Mar 28, 2005 — by LinuxDevices Staff — from the LinuxDevices Archive

Faraday Technology has released a customizable SoC (system-on-chip) in its application-specific “structured ASIC” product family. The PeripheralComposer-1 (PC-1) is based on an ARM processor core, integrates USB and Ethernet, and is supported by a comprehensive set of software and hardware development tools, including Linux, according to the company.
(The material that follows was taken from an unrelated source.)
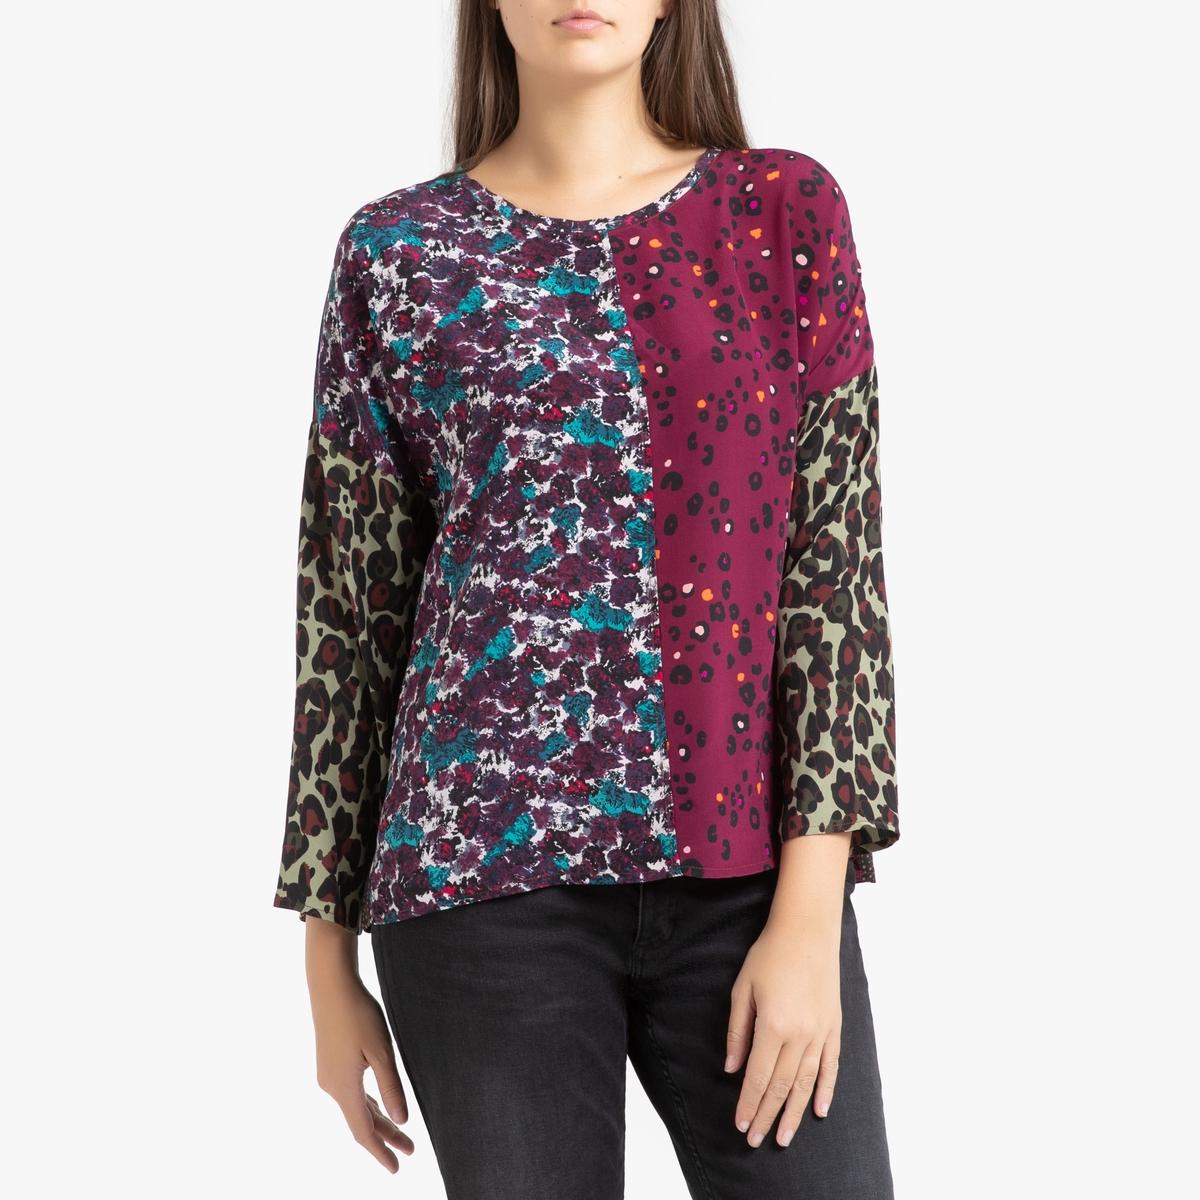 Блузка La Redoute Из шелка с длинными рукавами GERS S/M красный блузка la redoute с круглым вырезом цветочным рисунком и длинными рукавами s черный

In addition to providing the functions of an interface-oriented, ARM-based SoC, the PC-1 implements a large, “flexible” and “structured” ASIC region that enables the addition of customer-specific functions. According to Faraday, the PC-1 base array also includes a number of IP blocks that are “essential to data networking and system interconnection.” The base array is pre-verified and pre-manufactured, significantly reducing customers' design and manufacturing time, the company adds.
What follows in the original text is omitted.